# loading required libraries
library(tidyverse)
library(ggplot2)
##Question 1: In a study of squirrels, the weight of 50 female and 50 male squirrels was measured. The observations are in the columns FEMALE and MALE (Squirrels dataset).
#loading squirrel data from excel
library(readxl)
Squirrel_data <- read_excel("C:/Users/LIEWY/Downloads/Assignment 1 data(1)(1).xls", sheet = "Squirrels")
View(Squirrel_data)
1A. Plot the data using histogram(s) and boxplot(s).
#Histogram of male squirrel weight distribution
Squirrel_data %>%
ggplot(aes(x = MALE))+
geom_histogram(binwidth = 0.05, colour = "black", fill = "lightblue")+
labs(x = 'Weight (kg)', y = 'Frequency (n)', title = "Distribution of male squirrel weights")+
theme_minimal()
#histogram of female squirrel weight distribution
Squirrel_data %>%
ggplot(aes(x = FEMALE))+
geom_histogram(binwidth = 0.05, colour = "black", fill = "lightpink")+
labs(x = 'Weight (kg)', y = 'Frequency (n)', title = "Distribution of female squirrel weights")+
theme_minimal()
#data frame currently stores weight data in columns; x variable is sex (categorical), y variable is weight
#x variables are currently just headings amd need to be 'paired' with their respective data points in a combined column
Squirrel_new <- Squirrel_data %>%
pivot_longer(cols = c(MALE, FEMALE), #converts rows (in this case, MALE and FEMALE, into columns
names_to = "Sex", #assigns MALE/FEMALE to their respective data points
values_to = "Weight") #existing weight values are labelled as 'weight'
# Plotting boxplot comparing the weights of both squirrel sexes
ggplot(Squirrel_new, aes(x = Sex, y = Weight, fill = Sex)) +
geom_boxplot() +
labs(title = "Comparison of Male and Female Squirrel Weights",
x = "Sex",
y = "Weight (kg)") +
theme_minimal()
1B. Perform a two-sample t-test and a Mann-Whitney test.
#Performing two-sample t-test
squirrel_t <-t.test(Weight~Sex, data = Squirrel_new, var.equal = TRUE)
print(squirrel_t)
##
## Two Sample t-test
##
## data: Weight by Sex
## t = -2.1662, df = 98, p-value = 0.03272
## alternative hypothesis: true difference in means between group FEMALE and group MALE is not equal to 0
## 95 percent confidence interval:
## -0.139492762 -0.006107238
## sample estimates:
## mean in group FEMALE mean in group MALE
## 0.5180 0.5908
#Performing Mann-Whitney test
squirrel_MW <-wilcox.test(Weight~Sex, data = Squirrel_new, exact = FALSE )
print(squirrel_MW)
##
## Wilcoxon rank sum test with continuity correction
##
## data: Weight by Sex
## W = 1012, p-value = 0.1014
## alternative hypothesis: true location shift is not equal to 0
1C. What features of the plots suggest that the use of a parametric test may be unwise?
The histograms and boxplots plotted both show that the weights of either gender are positively skewed.
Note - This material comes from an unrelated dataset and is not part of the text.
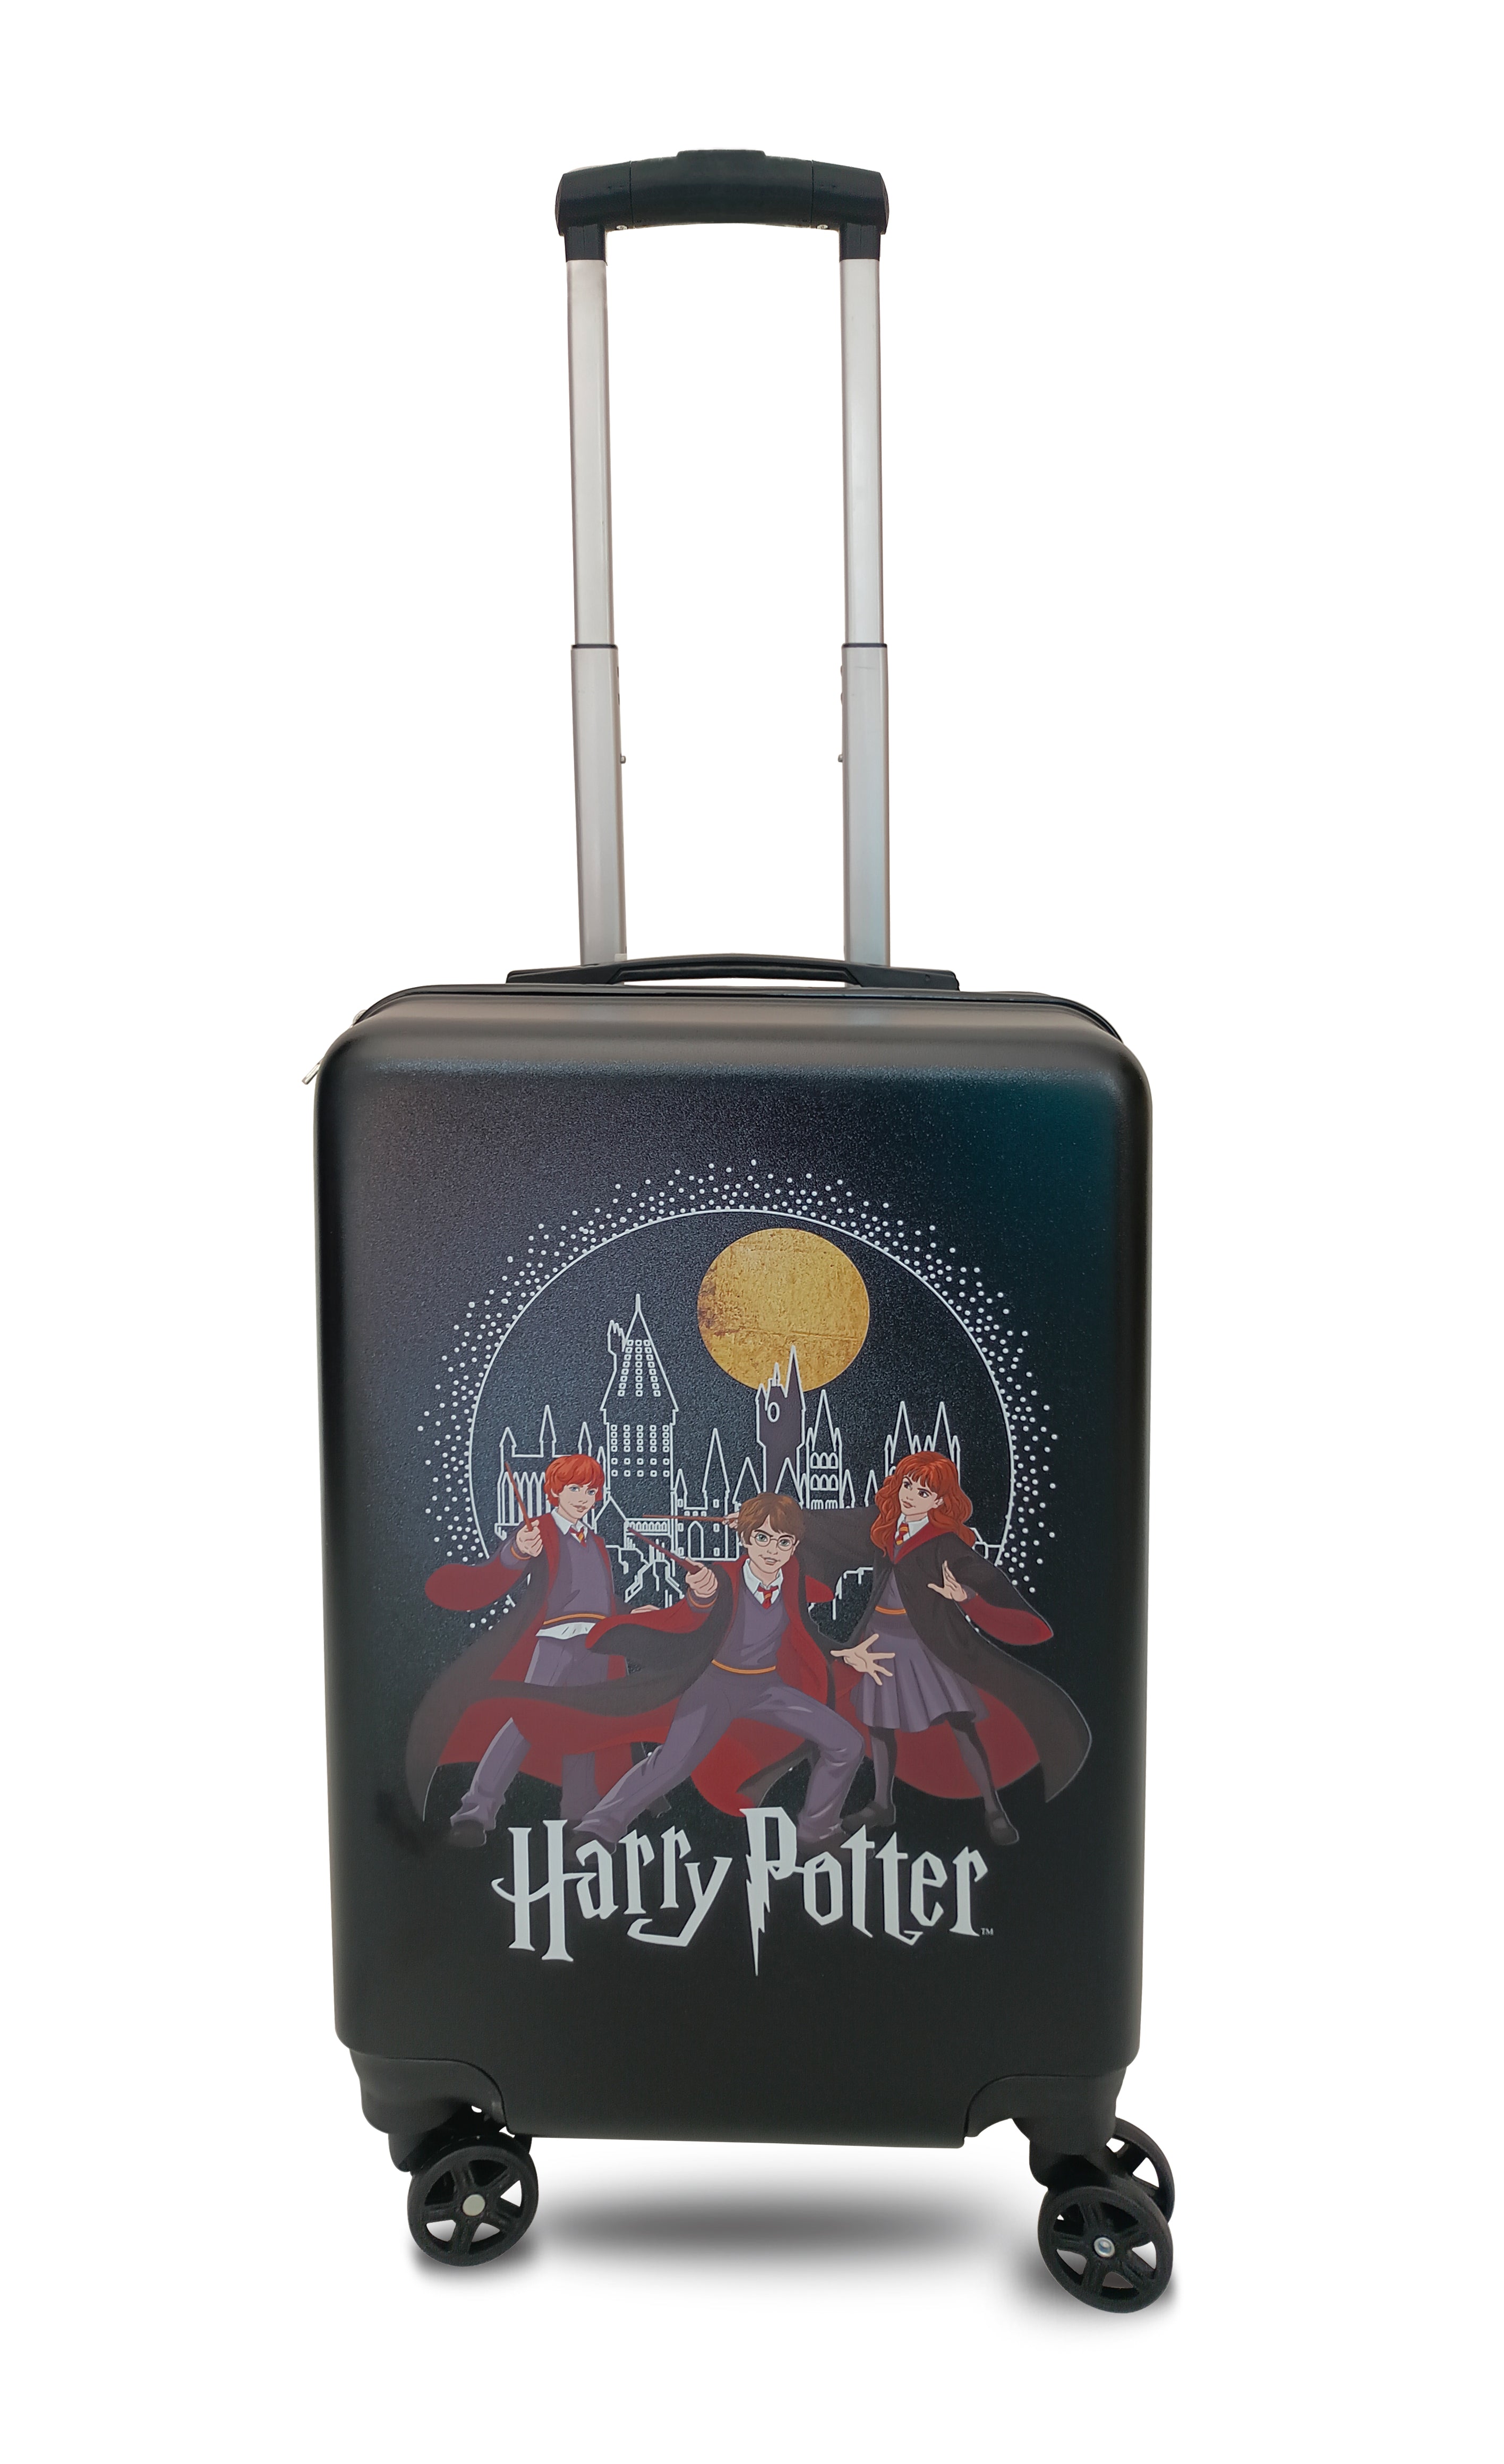 Harry Potter - 20in WB044 retro onboard suitcase - Black

This suggests that the 2 sets of weight data are not normally distributed for either gender, and hence a parametric test that assumes normality should not be used.
1D. From the results of the (parametric) t-test, report the t, dfs, and p-values, and interpret them.
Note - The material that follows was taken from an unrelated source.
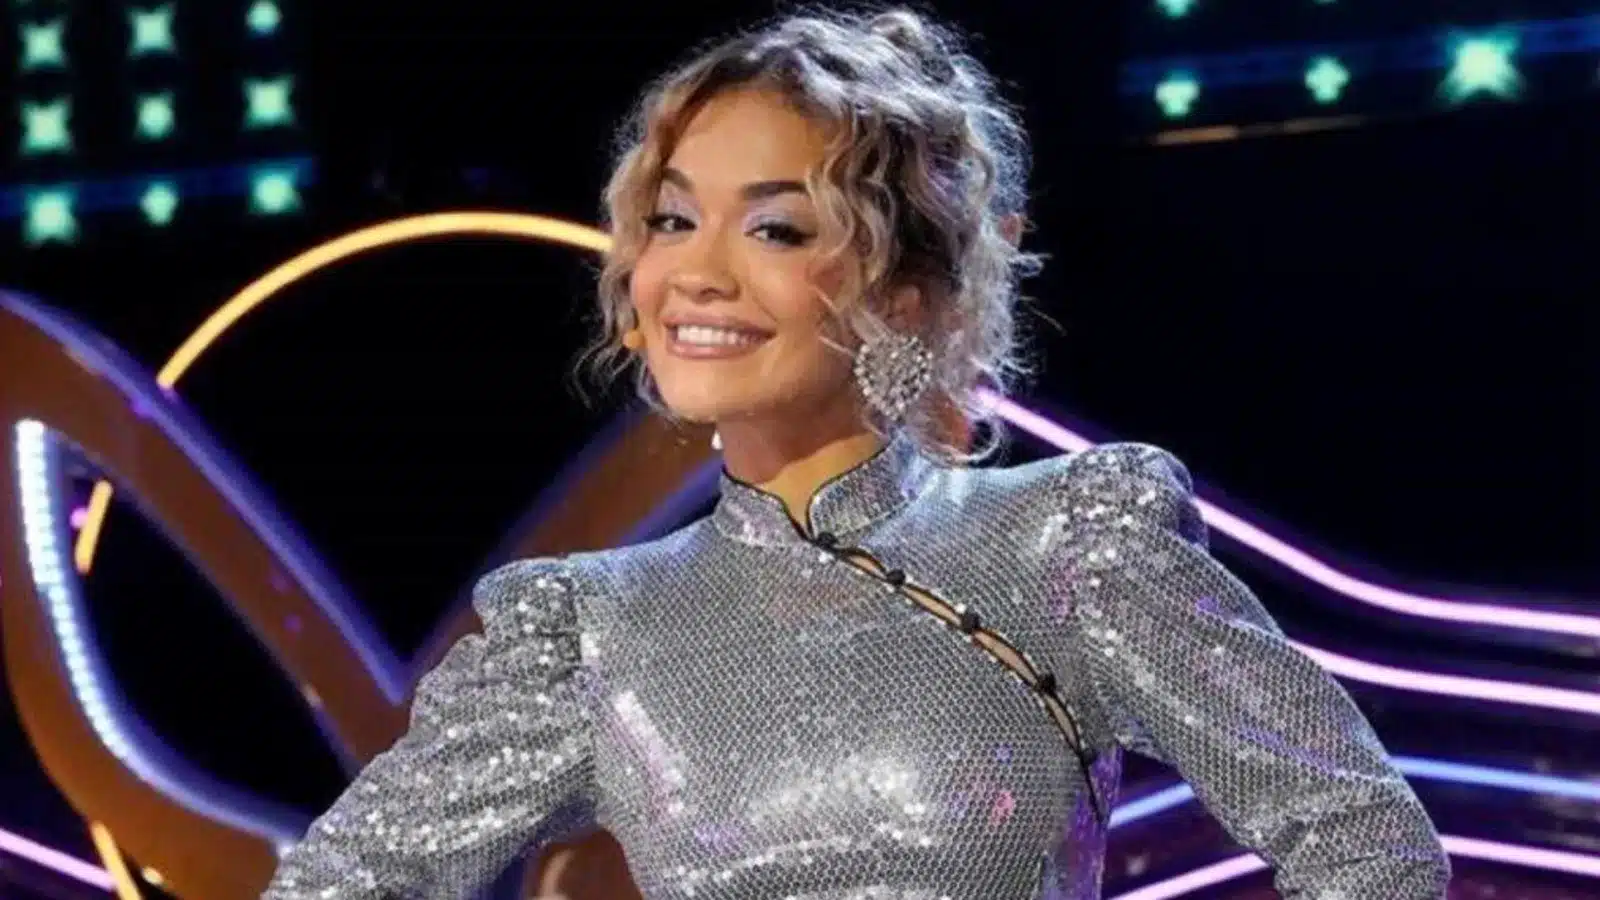 Fox. Promotional photo of Rita Ora for The Masked Singer.

Parametric test: Two Sample t-test The test statistic is the t-value. In this case, it compares the true difference of means of male and female squirrel weights to the hypothesized difference, which is 0. The larger the t-value (be it positive or negative), the larger the variability between the true difference and hypothesized difference, and the higher the probability that the observed variability is significant. The t-value of this test was -2.1662, which suggests that female squirrels weigh less than male squirrels. Since the p-value 0.03272 < 0.05, this observation is significant and the null hypothesis that states that this difference would be 0 should be rejected in favour of the alternative hypothesis.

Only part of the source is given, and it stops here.